Most Australians do not meet recommendations for dairy consumption: findings of a new technique to analyse nutrition surveys.

Author information

1
Sansom Institute for Health Research, University of South Australia. James.Doidge@UniSA.edu.au

Abstract

OBJECTIVE:

To describe the pattern of dairy consumption in Australians aged 12 years and over, and assess the extent to which the population meets national recommendations.

METHODS:

We developed a new method of combining quantitative data from a 24-hour dietary recall questionnaire with semiquantitative data from a food frequency questionnaire (FFQ), to investigate the usual patterns of dairy consumption.
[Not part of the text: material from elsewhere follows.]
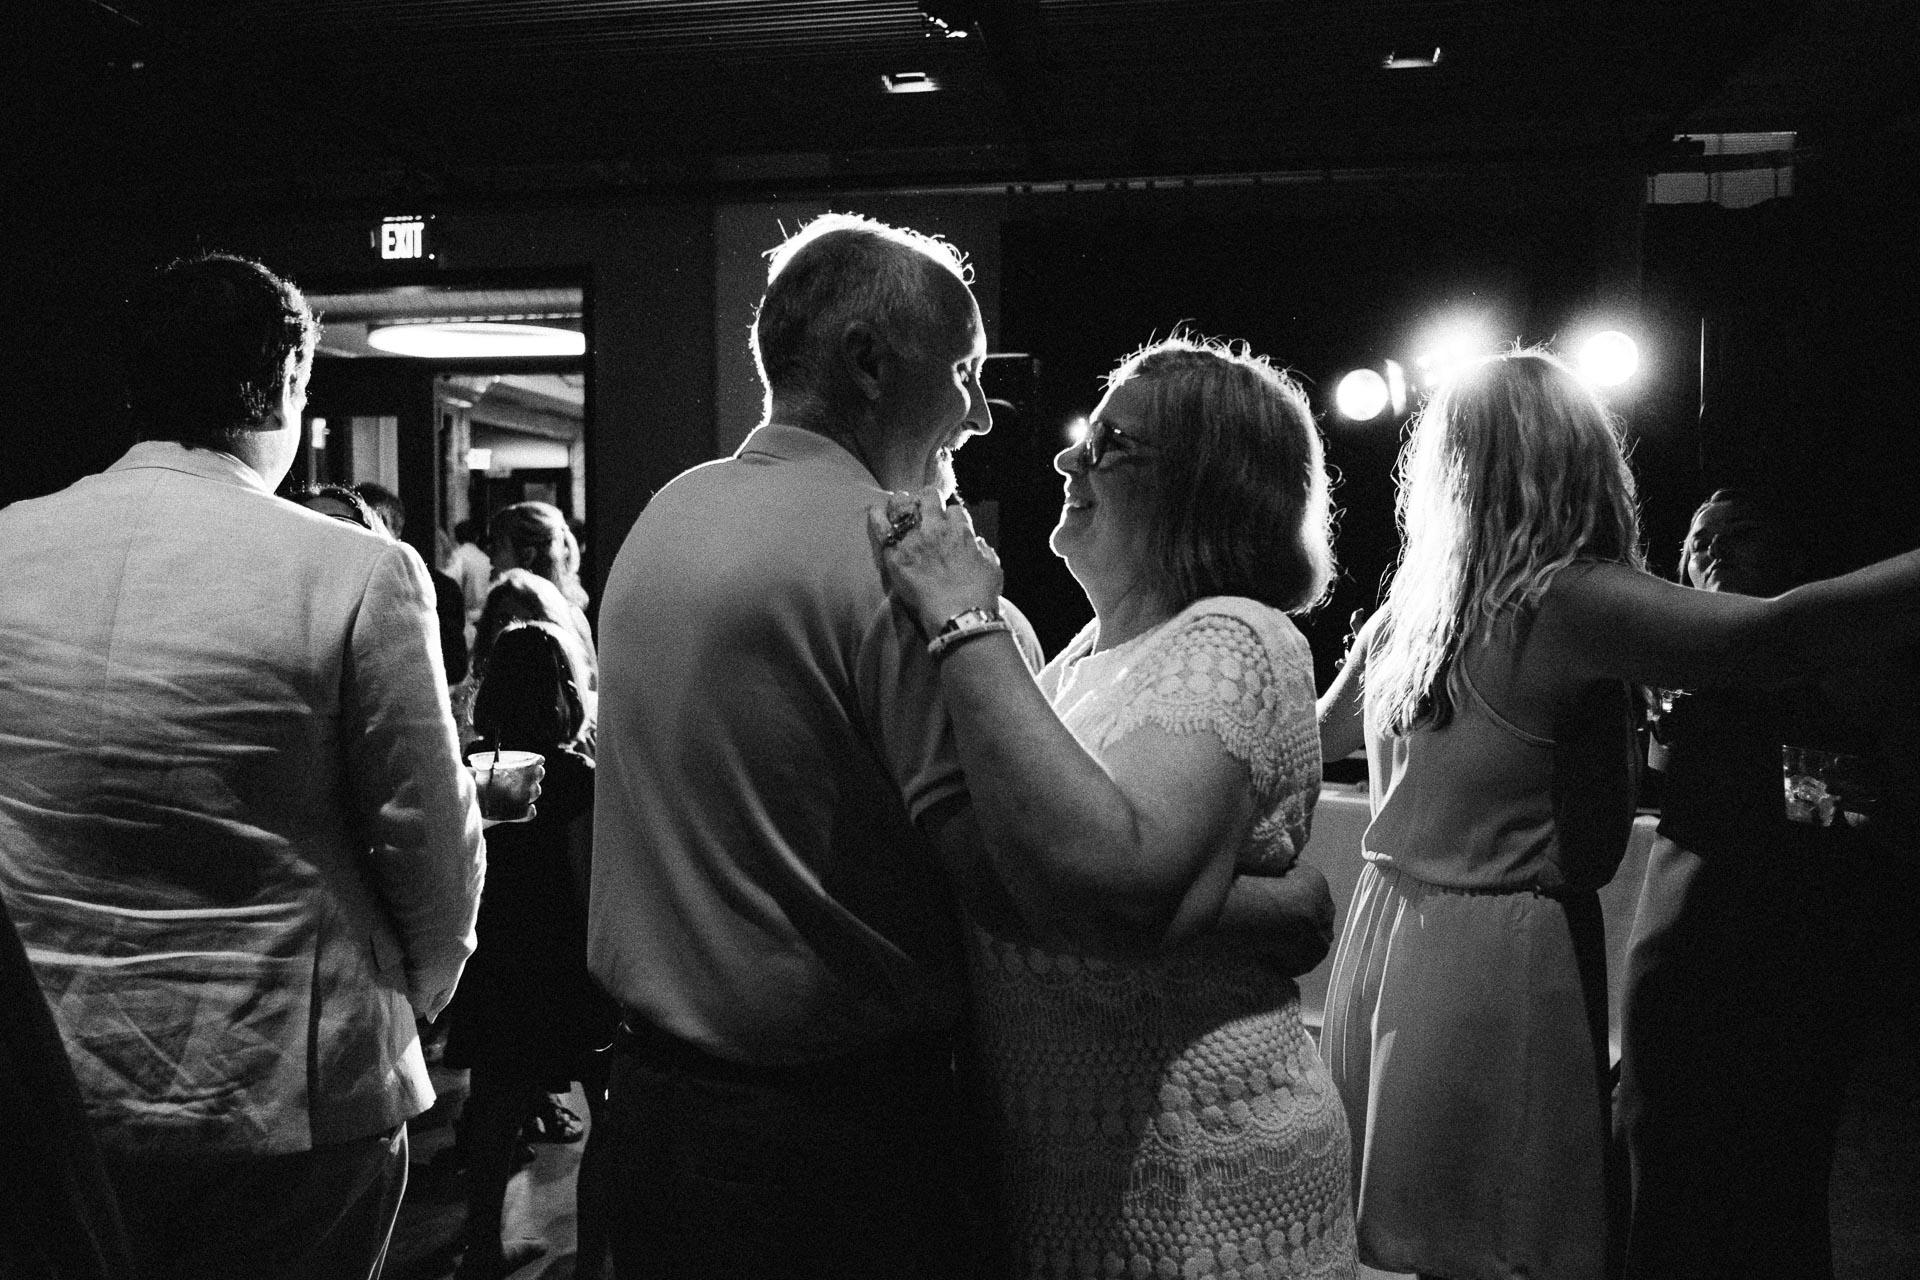 minneapolis-wedding-photographer-a-mill-artist-lofts0025

We applied this technique to data from the 9,096 Australians aged 12 and over who completed the FFQ part of the most recent nationally representative nutrition study - the 1995 National Nutrition Survey.

RESULTS:

When weighted according to the characteristics of the Australian population, 58% of male and 73% of female FFQ respondents failed to regularly meet recommendations for consumption of dairy products. While mean dairy consumption was higher in adolescents, 62% of boys and 83% of girls failed to meet their higher recommendation of three serves per day. Breastfeeding women appeared to consume more dairy but 60% consumed less than two serves per day.

CONCLUSIONS AND IMPLICATIONS:

Given accumulating evidence of protective effects of dairy foods for a range of metabolic and cardiovascular disorders, our observations warrant a focus on the development of cost-effective public health interventions to increase dairy consumption.